» **TASK PROMPT**
Directions for the data below: repeat exactly the lines from the one with "Cafe des Magots" through the one with "En gassflamme brenner", both included, and omit all pictures.

» **EXTRACTED ENTRIES**
Content starts
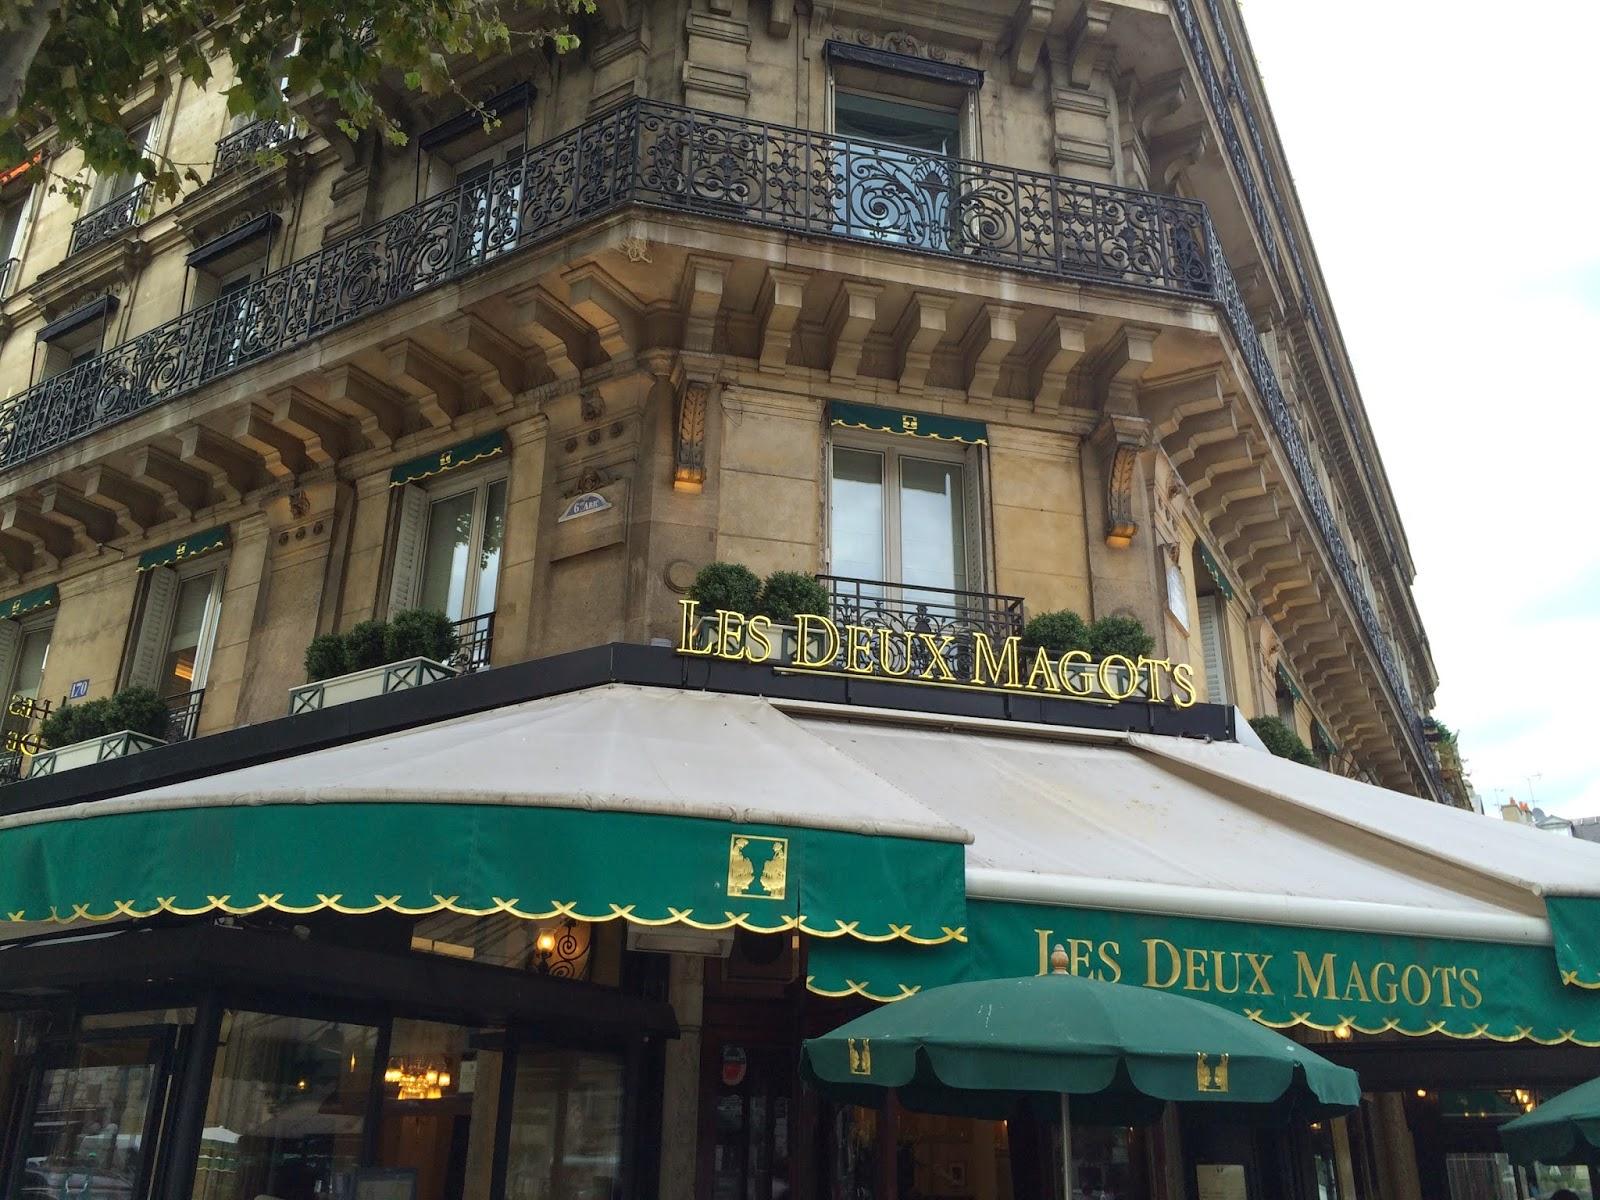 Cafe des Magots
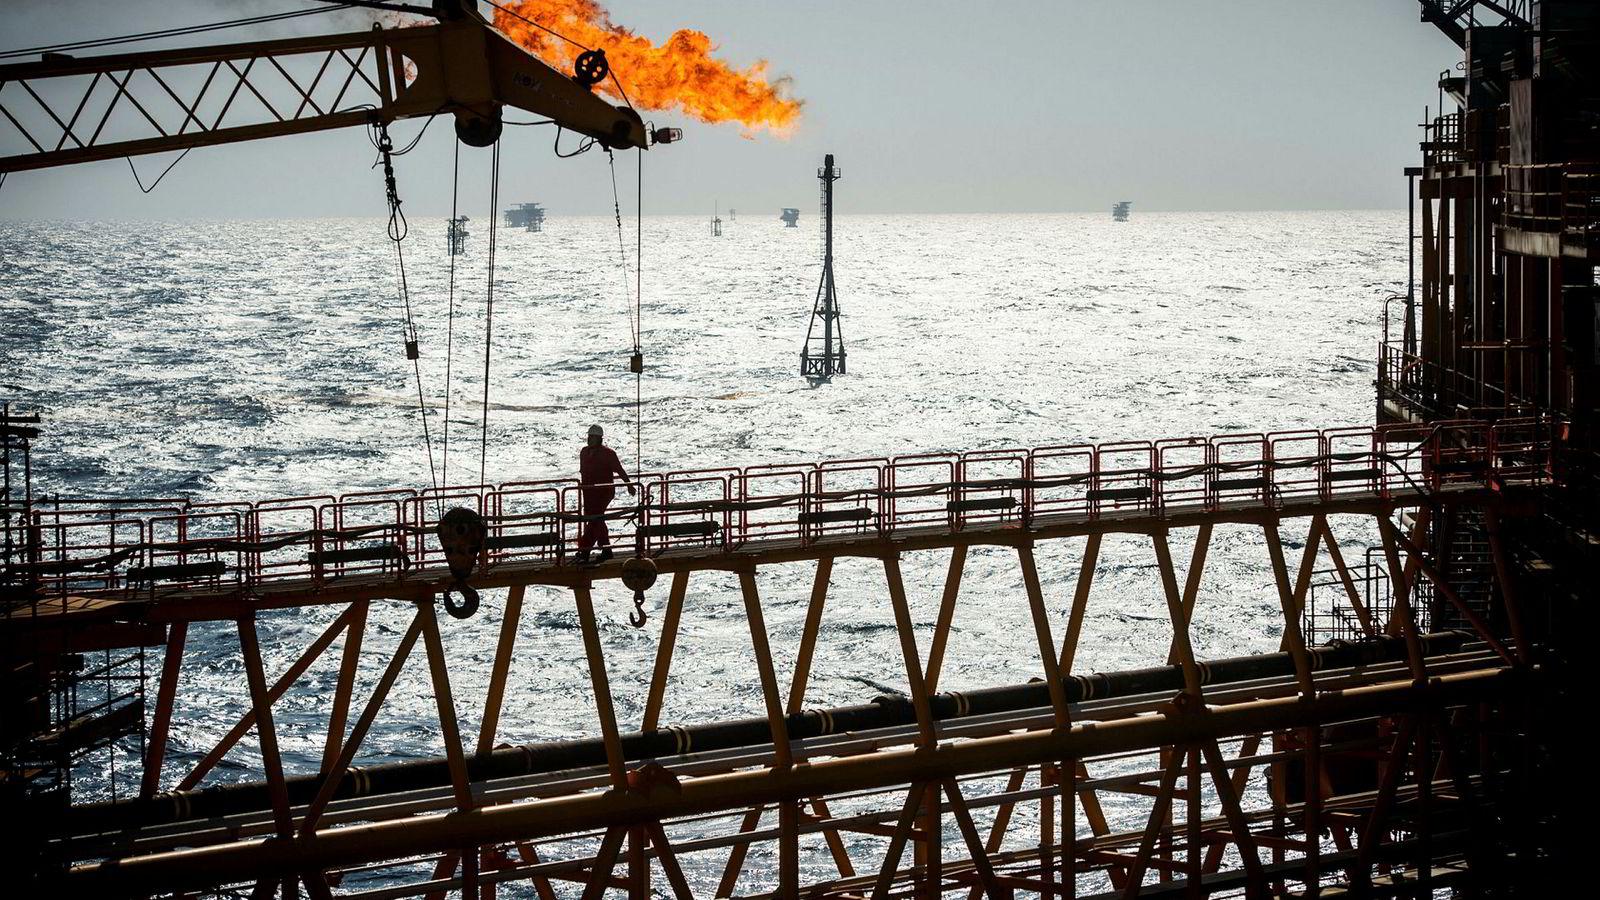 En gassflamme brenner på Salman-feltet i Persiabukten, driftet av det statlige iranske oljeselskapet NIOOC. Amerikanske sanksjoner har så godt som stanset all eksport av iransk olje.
Content ends
Content starts
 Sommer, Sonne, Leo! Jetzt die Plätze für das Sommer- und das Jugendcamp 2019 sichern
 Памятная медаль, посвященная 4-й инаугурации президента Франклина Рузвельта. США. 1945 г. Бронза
Content ends
Content starts
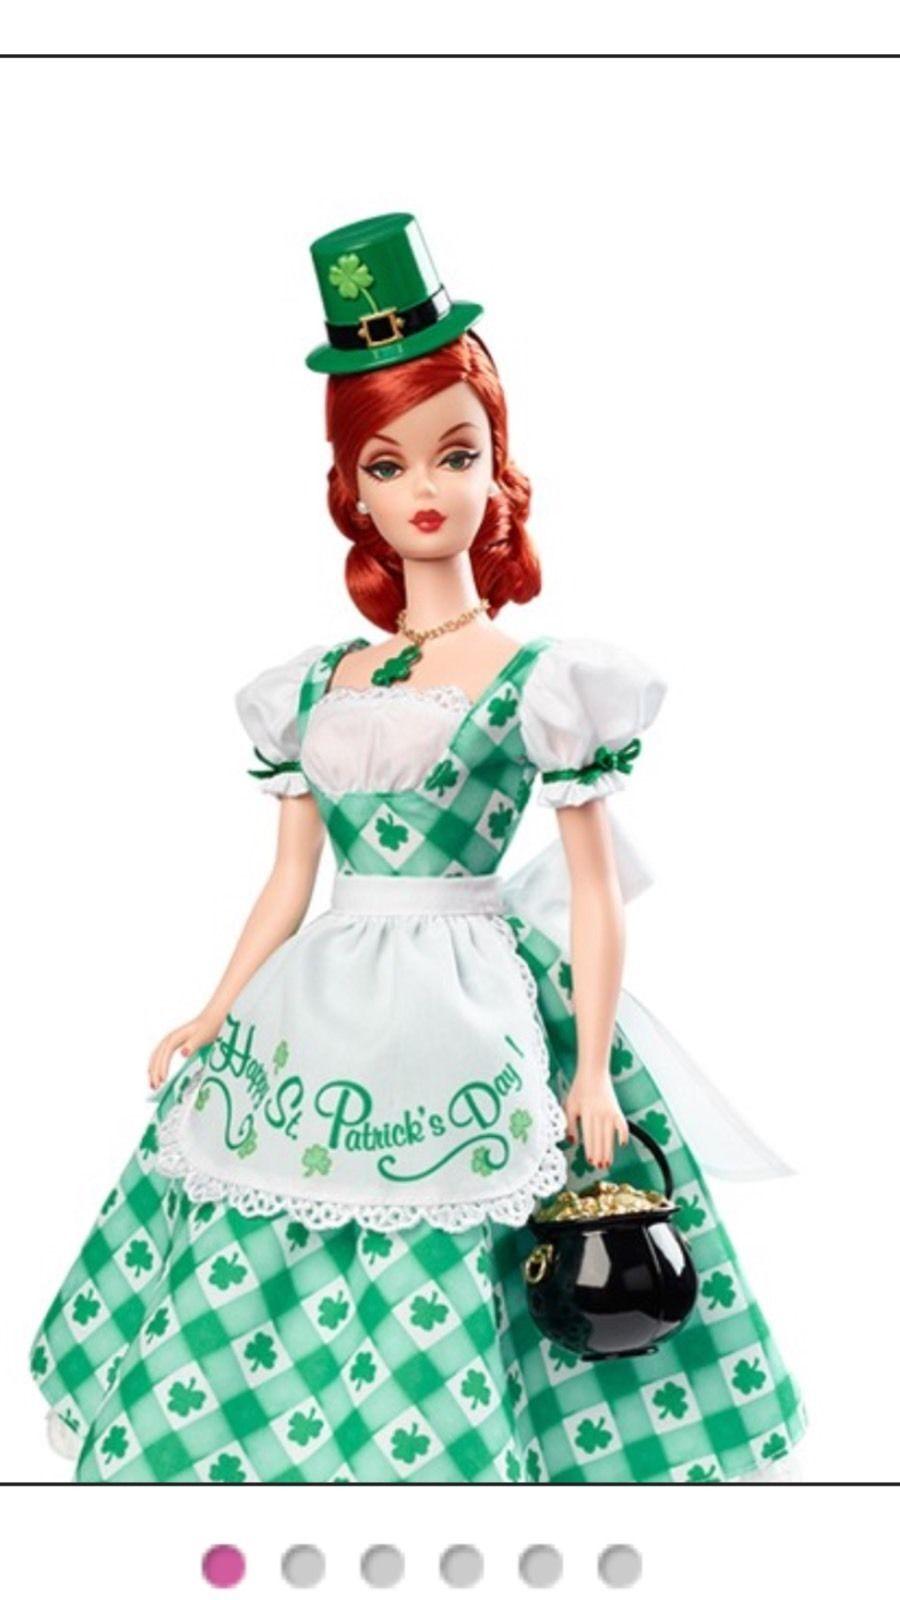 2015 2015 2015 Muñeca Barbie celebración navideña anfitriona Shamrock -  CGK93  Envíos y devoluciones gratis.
Content ends
» **WORKED SOLUTION**
 Cafe des Magots
 En gassflamme brenner på Salman-feltet i Persiabukten, driftet av det statlige iranske oljeselskapet NIOOC. Amerikanske sanksjoner har så godt som stanset all eksport av iransk olje.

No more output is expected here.